RECORDS PROVIDED
^^^^^^^^
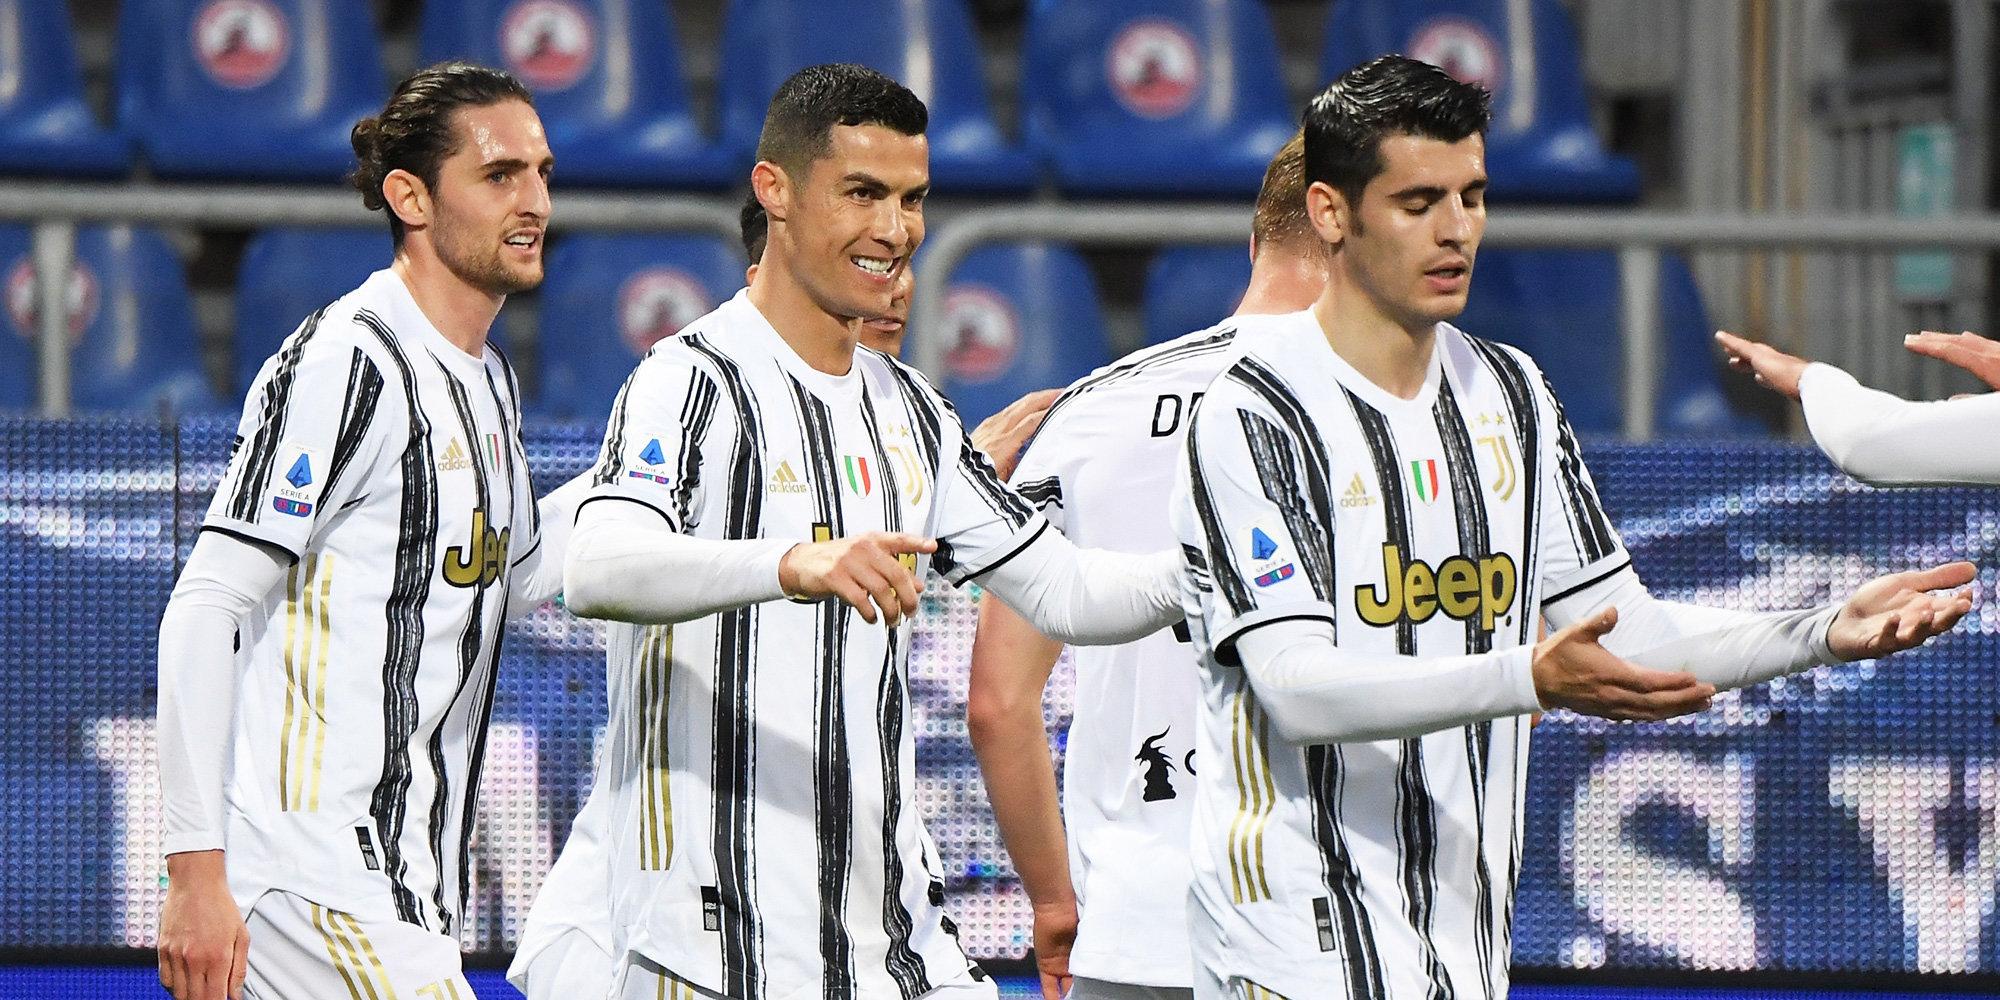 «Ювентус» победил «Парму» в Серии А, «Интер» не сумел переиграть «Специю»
^^^^^^^^
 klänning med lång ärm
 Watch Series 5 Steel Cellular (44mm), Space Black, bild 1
^^^^^^^^
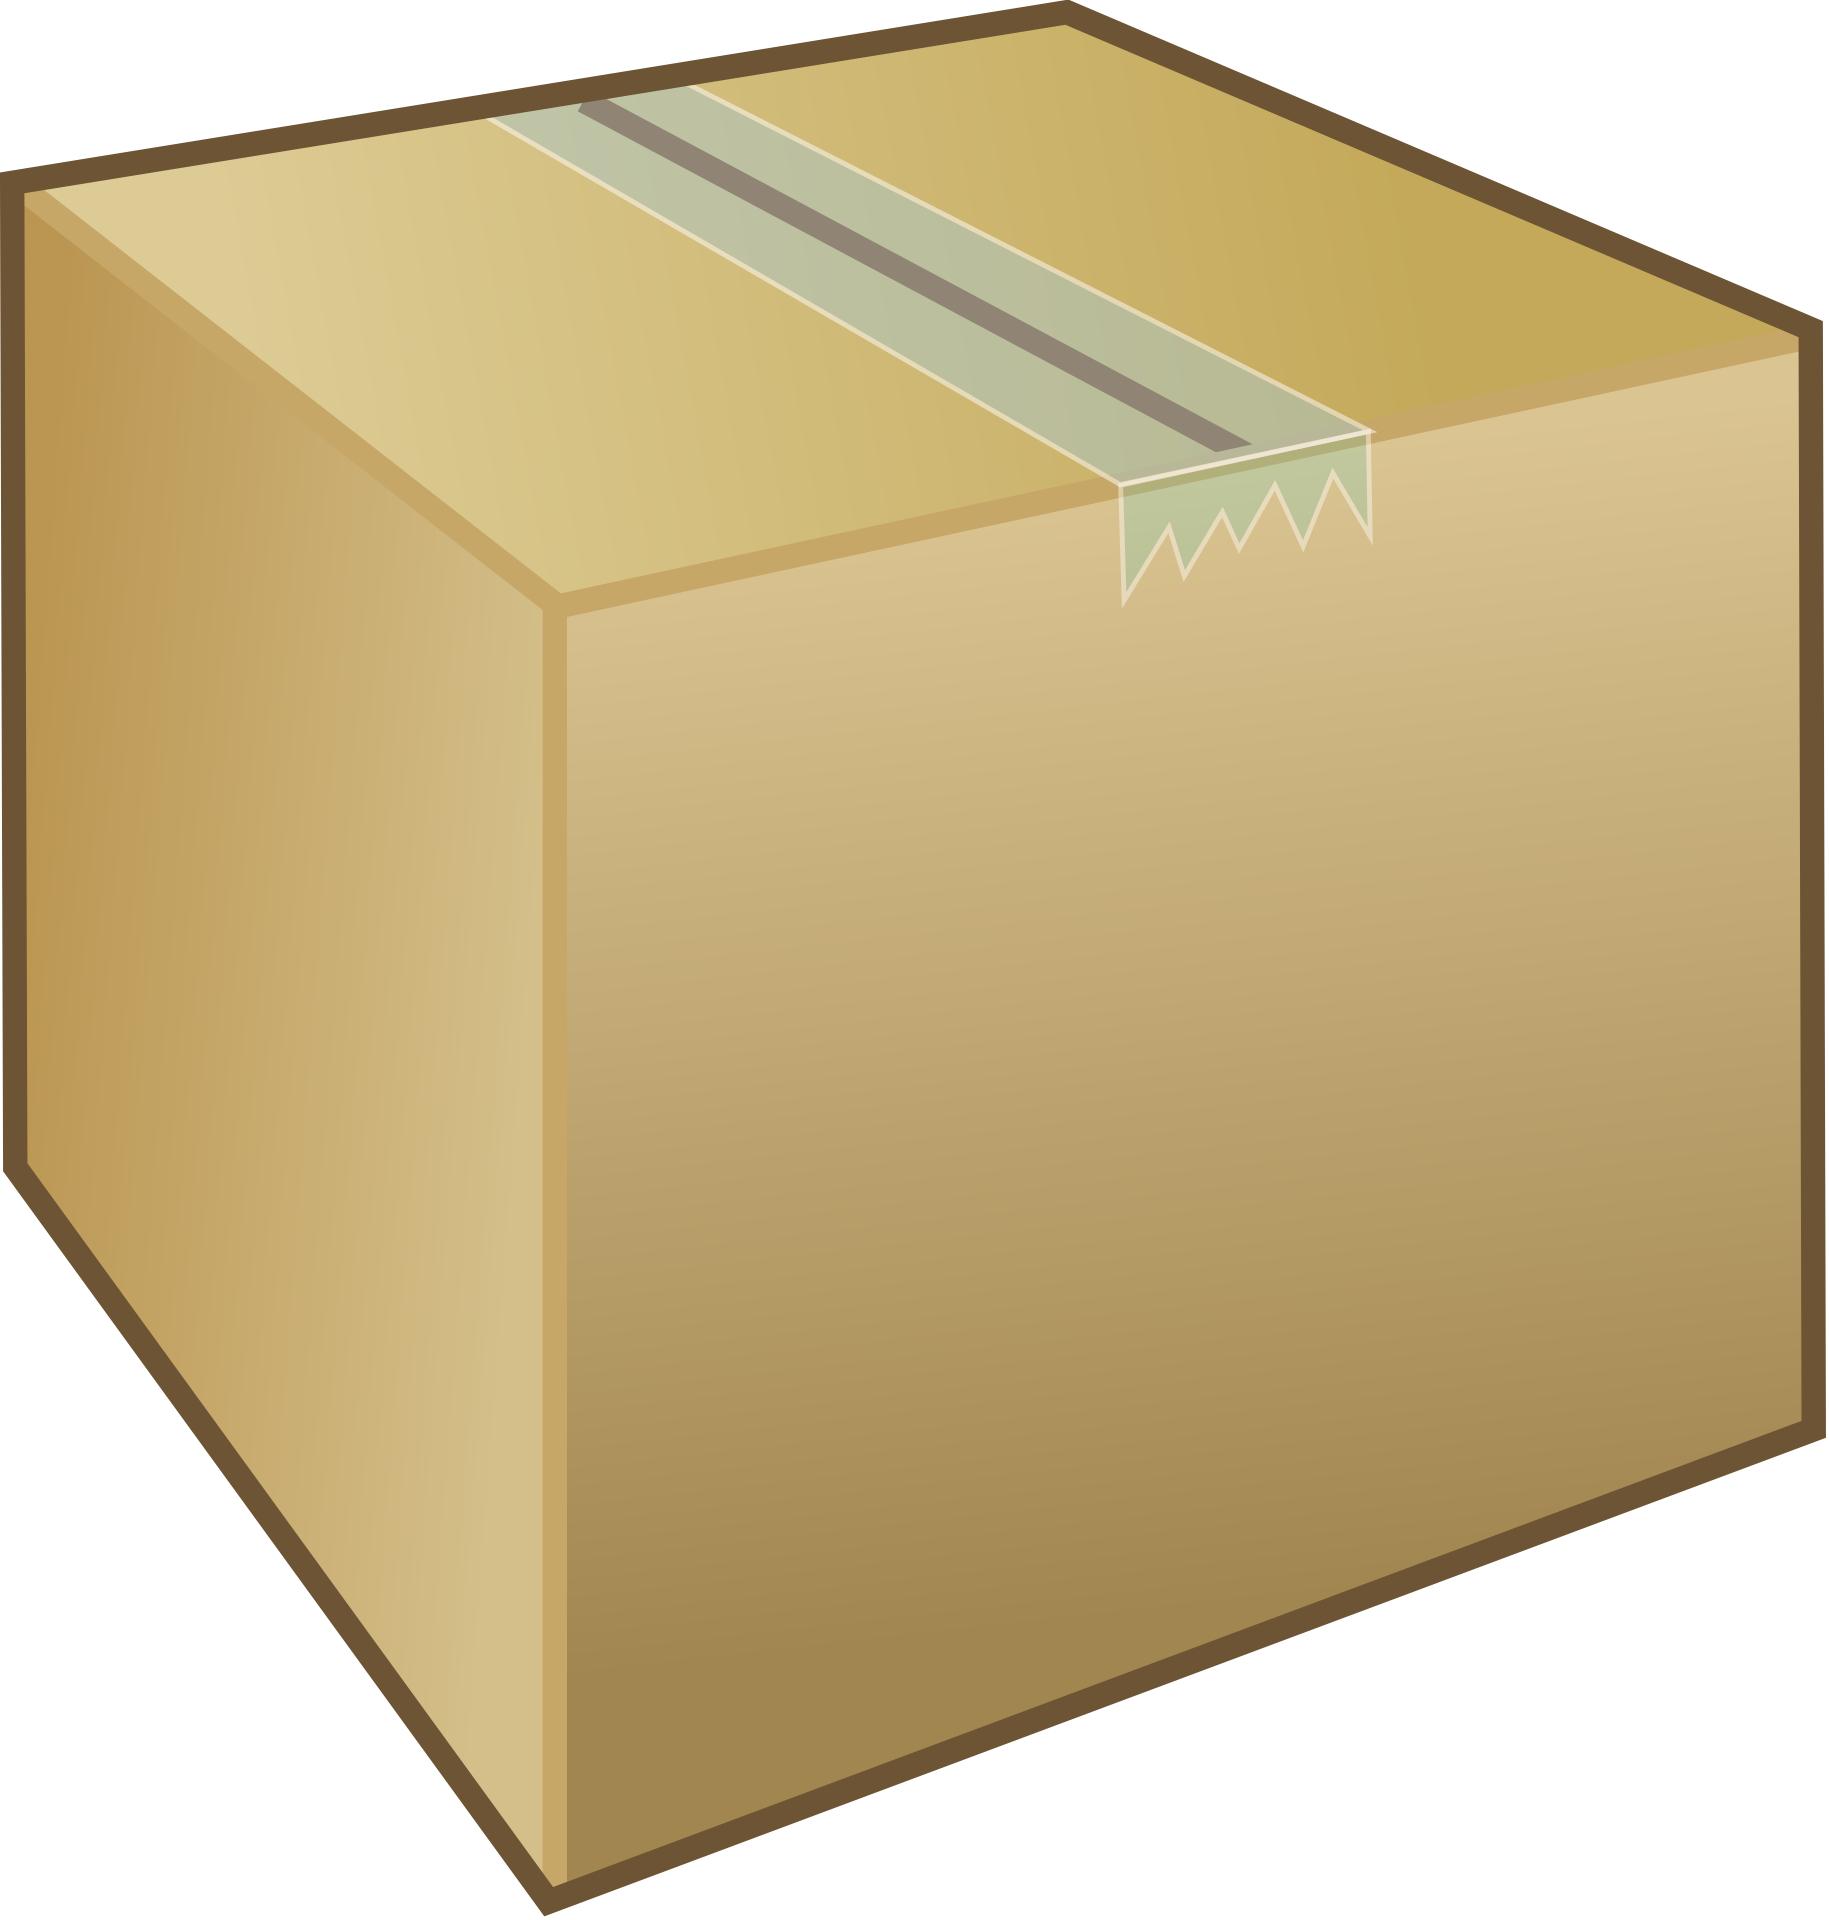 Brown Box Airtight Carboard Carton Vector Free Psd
^^^^^^^^
REQUIREMENT
Reproduce the lines of the entries above from the one with "klänning med lång ärm" to the one with "Watch Series 5", both included, exactly and without any other line.

WRITTEN REPLY
 klänning med lång ärm
 Watch Series 5 Steel Cellular (44mm), Space Black, bild 1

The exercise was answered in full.